We are in the midst of what some have deemed “the golden age” of legal technology startups. Until relatively recently, however, there was a lack of innovation in terms of how attorneys utilized Big Data. Early efforts to tackle Big Data and adapt artificial intelligence (a.k.a AI) and machine learning concepts for the legal industry were concentrated on topics such as billing and document management. In the past few years, the legal tech sector has also begun exploring data-driven tools for substantive legal research. Judicial analytics is at the crest of this wave, and is completely revolutionizing the legal profession.
The massive United States court system is the epitome of Big Data. In this sea of data lives valuable, actionable litigation insights just begging to be uncovered. However, finding even basic — let alone actionable — information about judicial behavior has always been a challenge, largely because of the sheer scope and size of data involved.
For example, the California Superior Court system is the largest in the country and serves over 39 million people, or 12 percent of the U.S. population.
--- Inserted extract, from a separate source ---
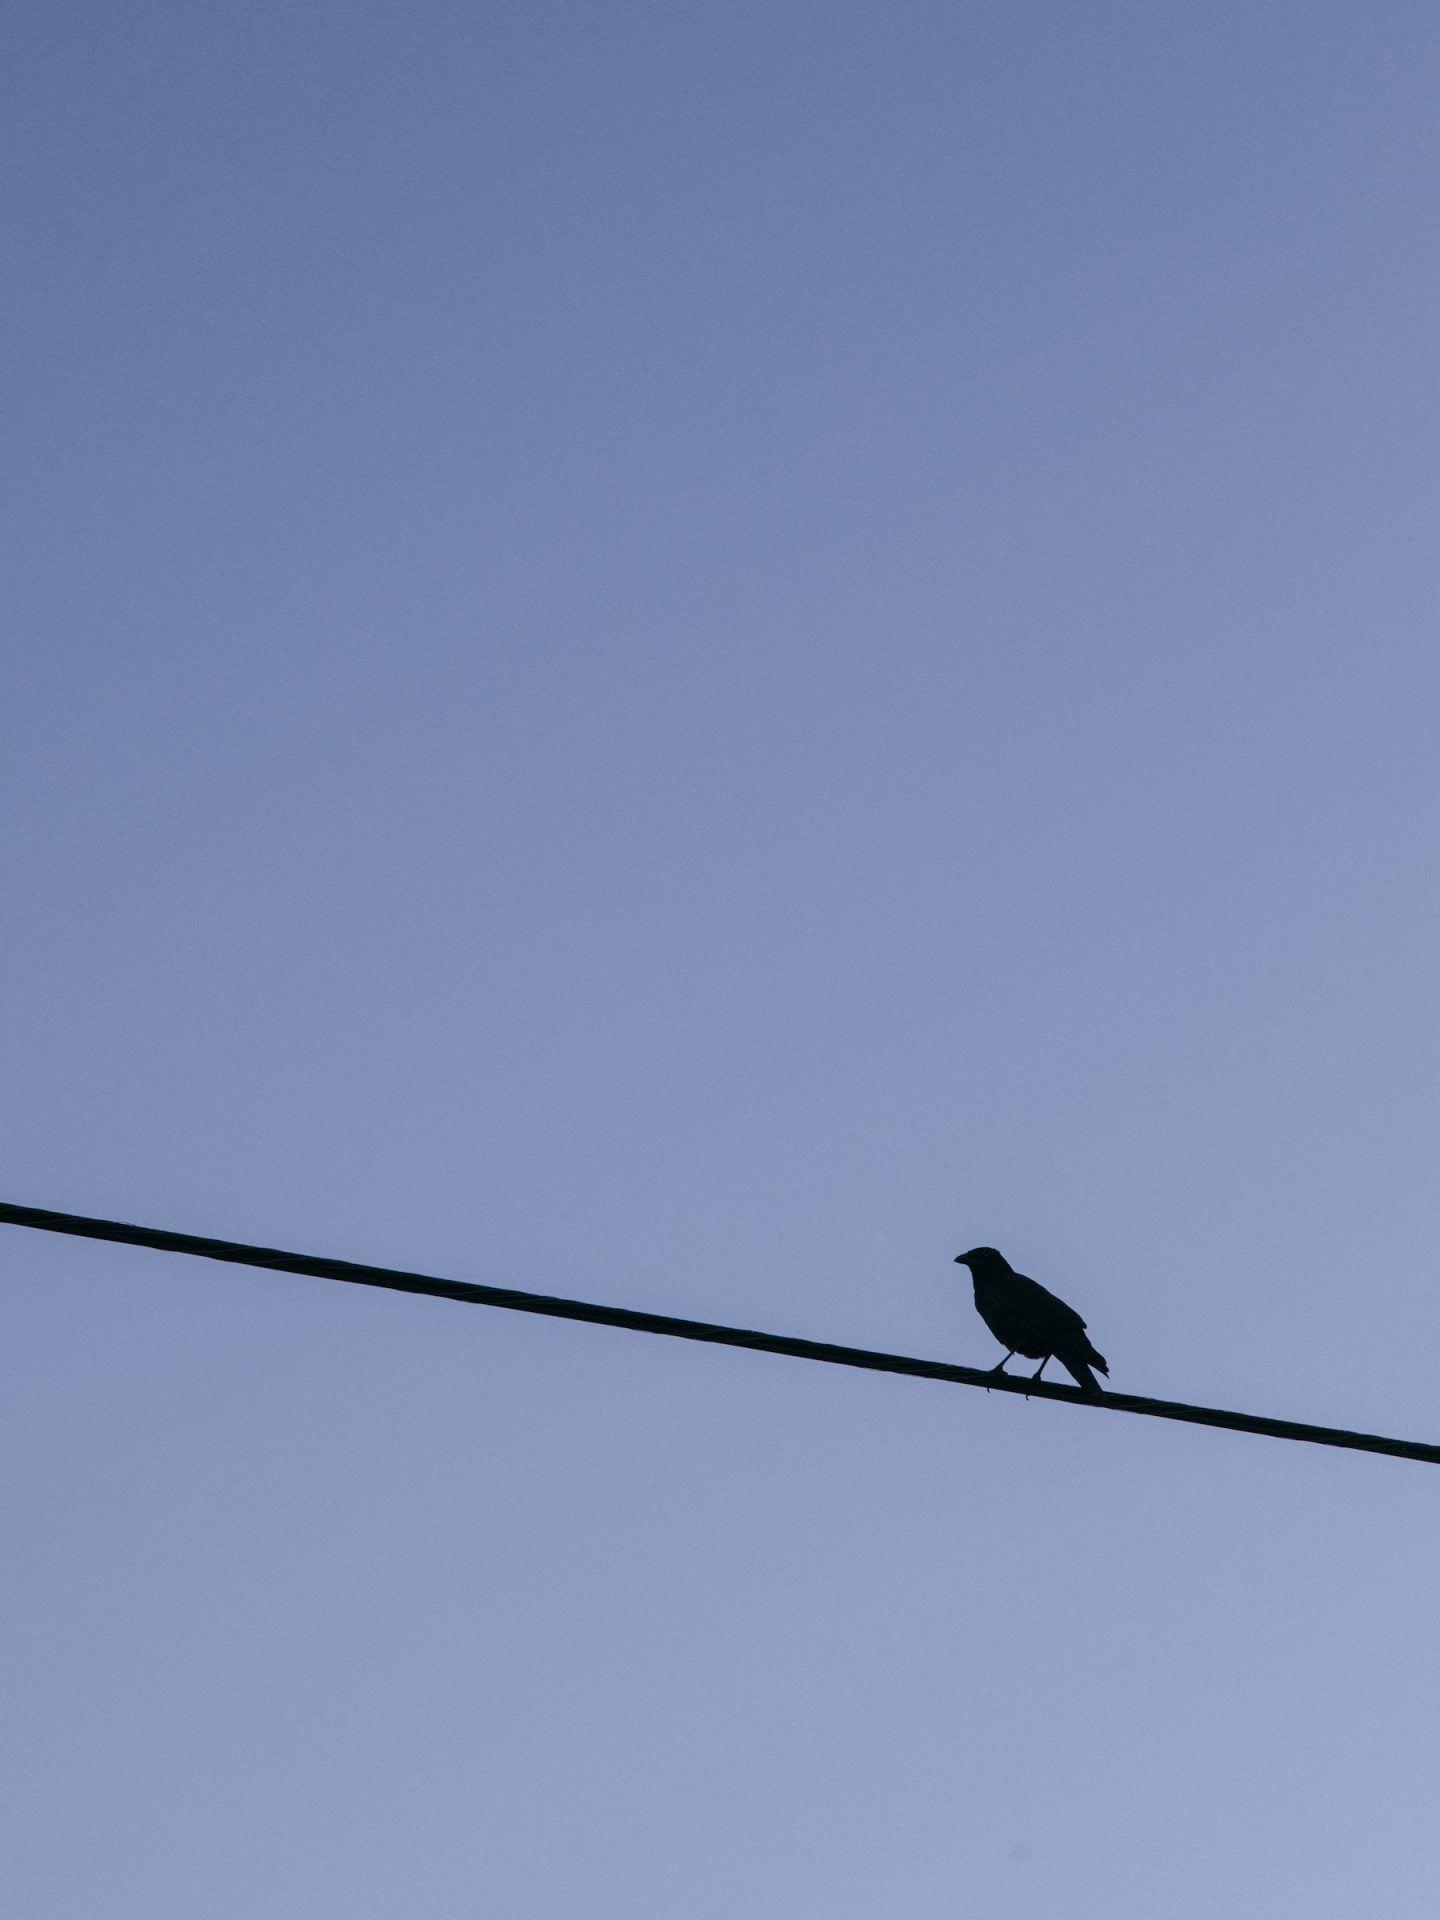 IGNANT-Photography-Landon-Speers-Nova-Scotia-026
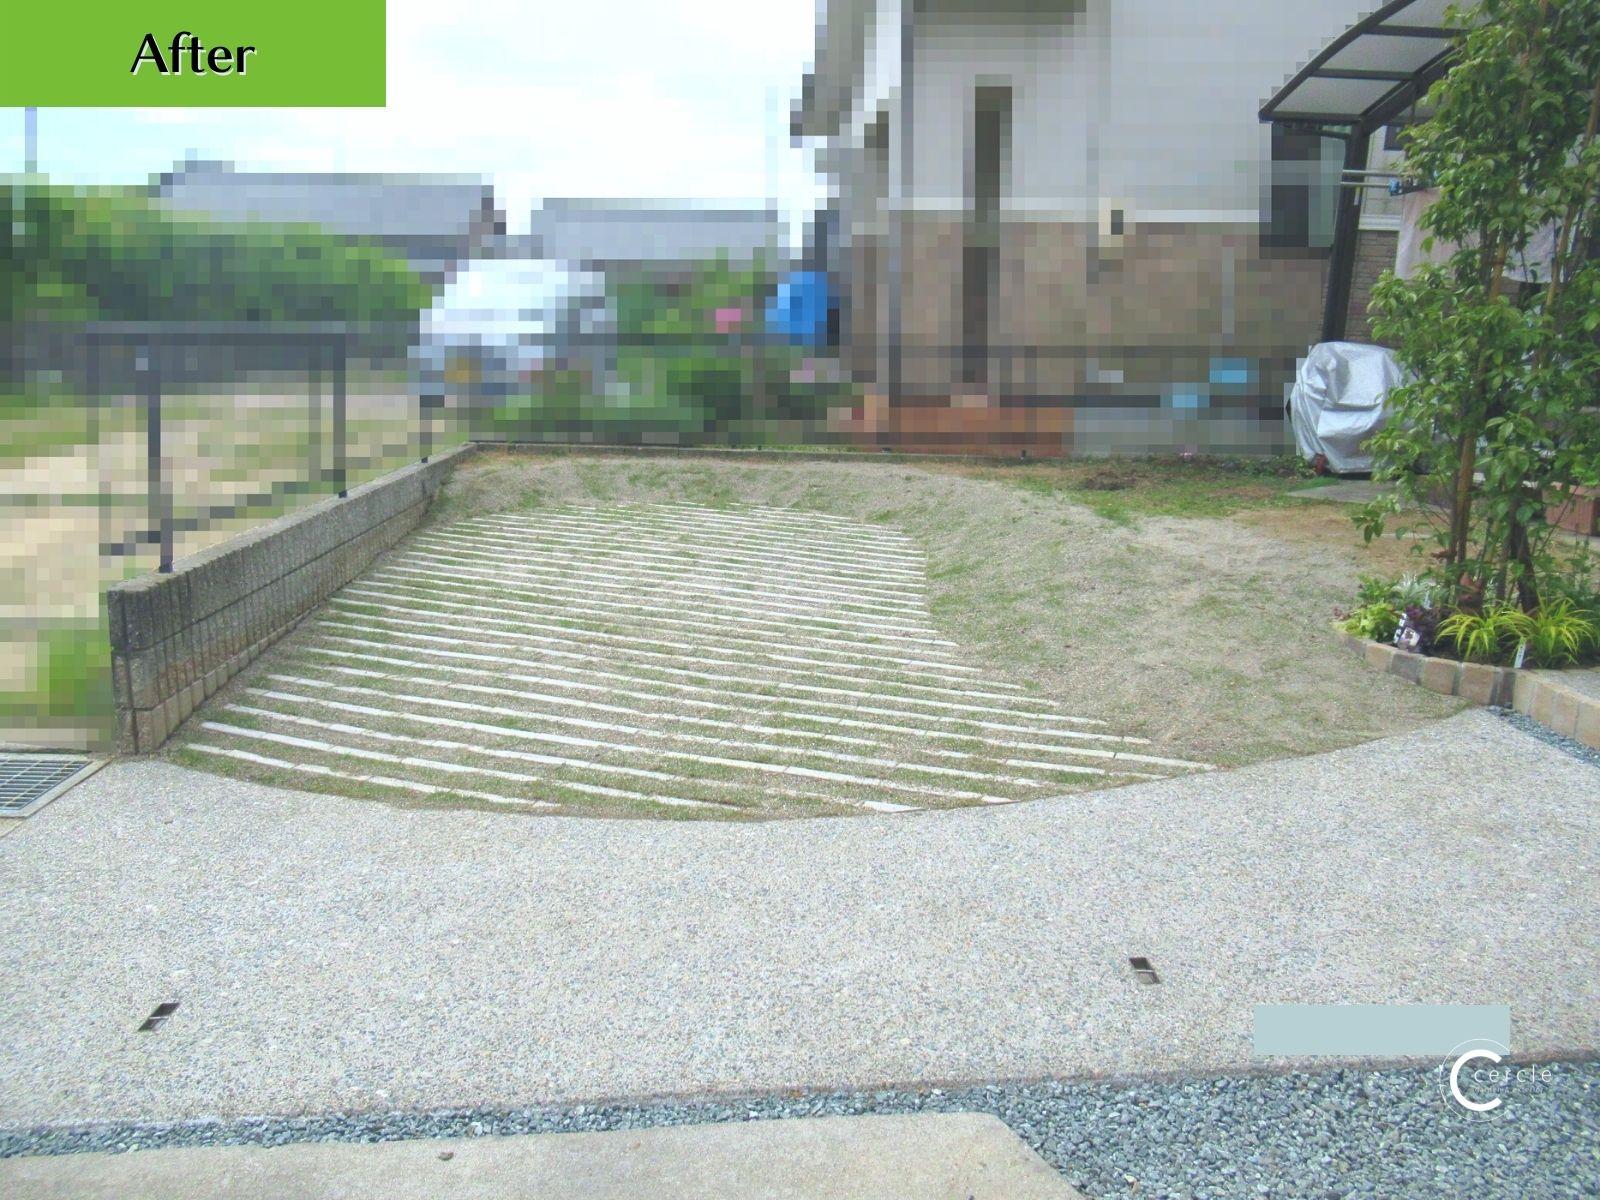 【鈴鹿市】天然芝を敷き直して可愛い駐車場にリフォーム(アフター)

The system handles nearly 7 million case filings each year, has nearly 2,000 judges spread over 58 different counties and accounts for a substantial portion of the total U.S. state-level litigation volume each year. Los Angeles County alone has nearly 600 Superior Court judges, each of whom handle over 3,300 cases per year.
Owing to the complexity and difficulty of acquiring and handling litigation data, particularly at the state trial court level, most litigators have relied heavily on office-wide emails, anecdotes and even their “gut” when anticipating a given judge’s behavior, to the extent they even try to predict judicial behavior at all. Thanks to the burgeoning field of judicial analytics, this guesswork is a thing of the past. We are now able to analyze vast amounts of scattered, expensive and “messy” state litigation data to help attorneys customize their litigation strategies to their particular judge, win significant motions and, most important, offer informed, data-supported counsel to their clients.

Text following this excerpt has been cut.